Figure 2. Comparative performance assessment of VIP-HESI and CS ion source setups using different injection amounts of undepleted mouse plasma samples.
a) Number of precursors and b) protein groups identified with different injection amounts of mouse plasma samples analyzed in duplicate with a 45-minute 40μl/min microflow gradient. The darker color bar represents common identification between the replicates whereas the two lighter color bars at the top represents exclusive precursors and proteins identified in each biological replicate at the different concentration measurements. Pearson correlation of precursor intensity values obtained from 7,074 and 6,387 precursors that were quantified in both replicates (r1 and r2) using c) VIP-HESI and d) CS source setups respectively. e) Distribution of the base peak widths in minutes of precursors identified for VIP-HESI 20 μg and CS 0.4 μg measurements estimated by Spectronaut. A median value of 0.16 (9.6s) and 0.14 (8.4s) peak widths were observed for VIP-HESI 20 μg and CS 0.4 μg injections, respectively. The first and third quartiles are marked by a box with a whisker marking a minimum/maximum value ranging to 0.6 interquartile and the median is depicted as a solid line. f) Distribution of data points per elution peak for the VIP-HESI 20 μg and CS 0.4 μg measurements estimated by Spectronaut. The first and third quartiles are marked by a box with a whisker marking a minimum/maximum value ranging to 3 interquartile and the median is depicted as a solid line.
Robust and quantitative analysis of hundreds of plasma proteomes by VIP-HESI source coupled with micro-flow liquid chromatography
To demonstrate the reproducible high-throughput application of VIP-HESI source, we analyzed 284 undepleted mouse plasma samples. Two consecutive blanks after each sample were injected for column washing purposes, and one quality control (QC) sample, K562 digested peptides, was acquired after every thirty-two plasma samples to assess the technical variation in instrument performance. In total there were 891 consecutive injections over the course of ~20 days in this experimental setup. Once established that the 20 μg of mouse plasma sample is the optimal amount for this setup from our earlier experiments (Fig. 2), we injected this amount for each sample using a 45-minute (3–35% ACN) HPLC gradient.
Large-scale dia-PASEF analysis with Spectronaut resulted in the identification of 17,628 precursors and 1,267 mouse plasma protein groups at <1% global protein FDR (Fig. 3a, and Supplementary Table 6). Overall, we observed similar identification of precursors (9,328–11,885) and proteins (850–1,067) across all the samples, signifying the stable performance of the micro-flow LC system (Fig. 3a). The retention times (RT) of the spiked in iRT peptides in 284 samples showed very high chromatographic reproducibility with median CV of 0.4% (Fig. 3b and 3c). In addition, we checked the stability of the instrument setup by estimating the variation in the nine K562 QC samples. With 2 μg of K562 sample injection using a 21 minute gradient (3–35% ACN) identified an average of 4541 ± 5 protein groups based on 50,657 ± 437 precursors, signifying robust qualitative performance observed across QC samples (Supplementary Figure 2 and Supplementary Table 7). Subsequently, we evaluated the quantitative precision between these QC technical replicates by estimating the coefficient of variation (CV) for the obtained protein quantities. The median CVs of the proteins quantified in nine technical replicates were below 10%, indicating an excellent reproducibility in quantitation across the whole experiment (891 injections) (Supplementary Figure 2 and Supplementary Table 7).

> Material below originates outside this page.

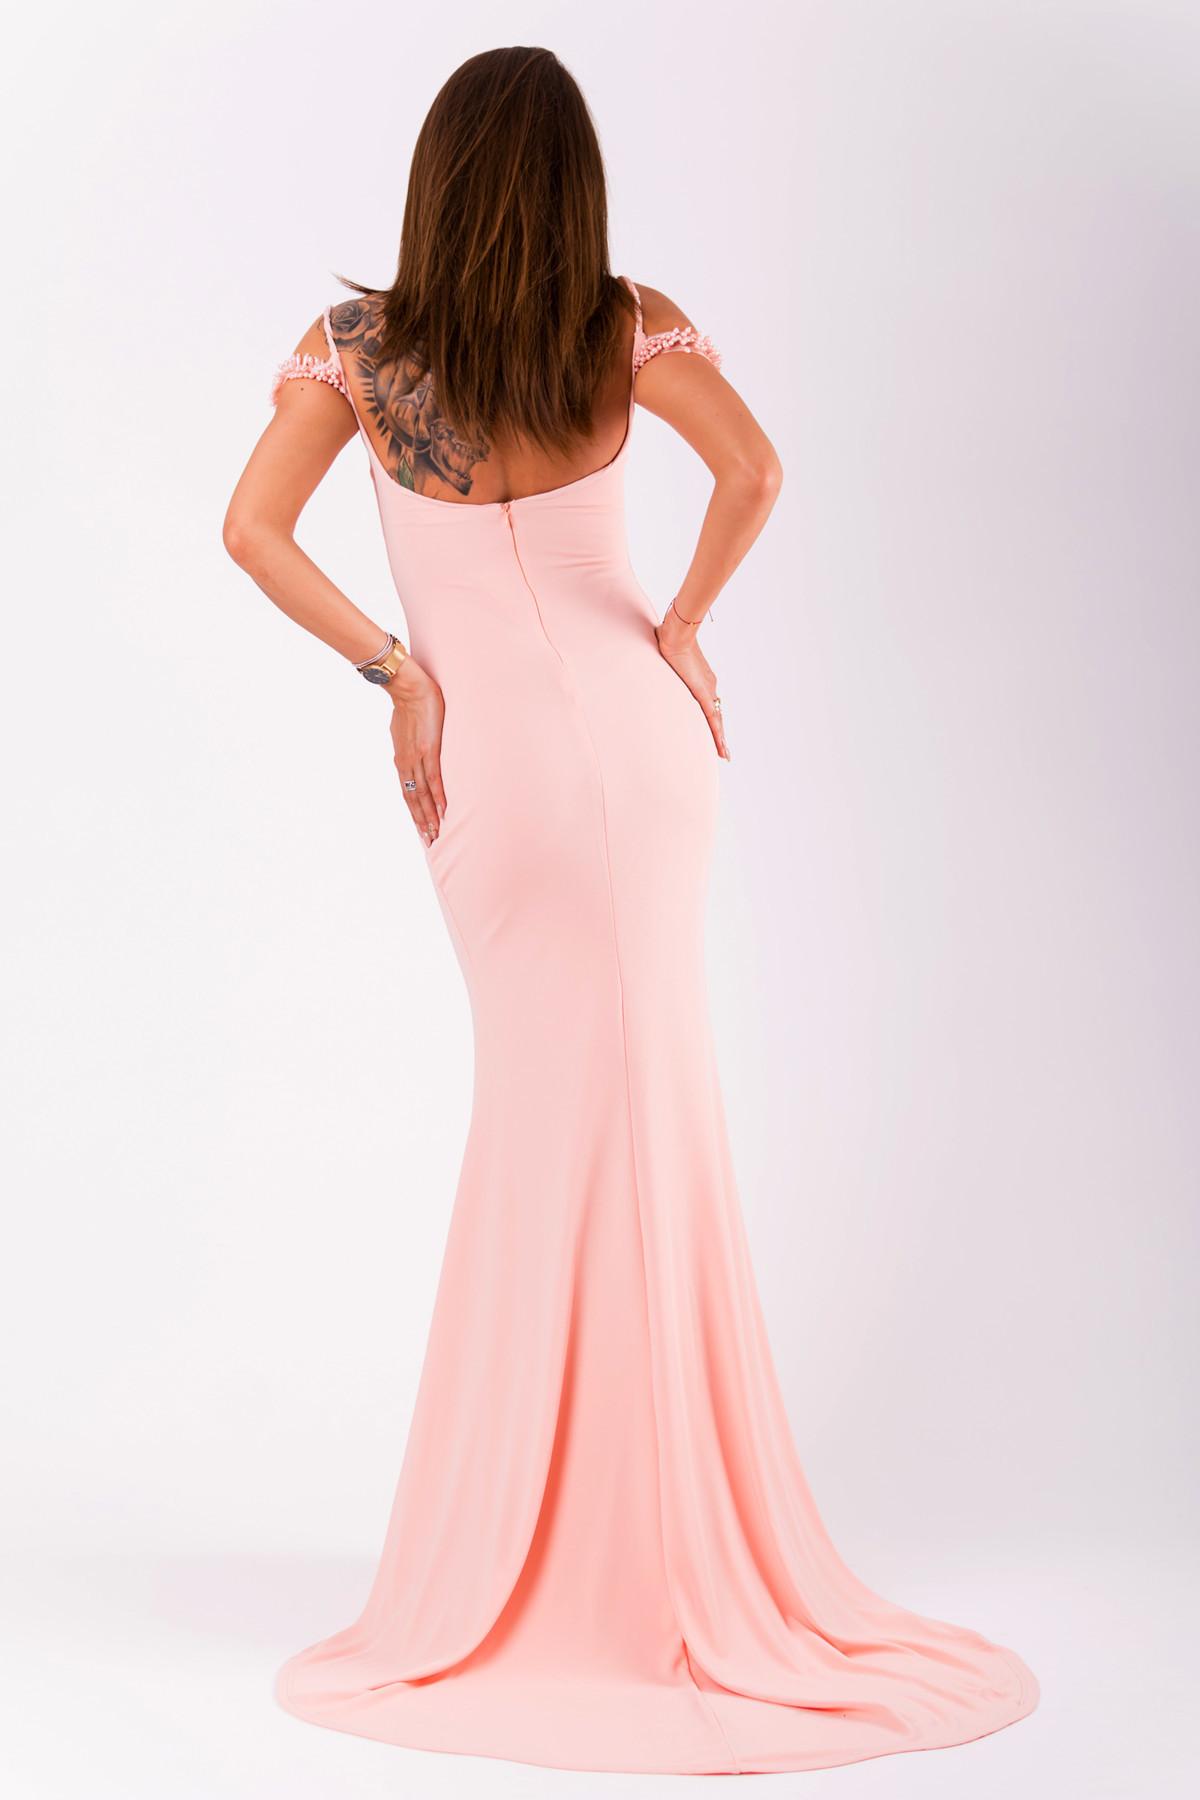 Dámske šaty EVA & LOLA ružové na ramienka dlhé s vlečkou - Ružová / S - EVA & LOLA ružová S

Figure 3. Large-scale quantitative analysis of undepleted mouse plasma samples using VIP-HESI coupled with microflow LC–MS/MS system.
a) Number of precursors (orange) and protein groups (blue) quantified with 284 mouse plasma samples analyzed in a 45-minute 40μl/min microflow gradient on Vanquish Neo HPLC coupled to Bruker timsTOF Pro. b) A retention time QC plot for 11 iRT peptides spiked in each sample. c) Distribution of coefficient of variation (CV) in retention time of iRT peptides across 284 samples and the median is depicted as a solid line. d) Distribution plot of raw (un-normalized) protein quantities estimated in dia-PASEF analysis for 284 undepleted mouse plasma samples. Log10 protein quantities are plotted on the y-axis, sample number on the x-axis. Overall, protein quantities were similar across all samples with good alignment of sample medians and distributions over the first and third quartiles.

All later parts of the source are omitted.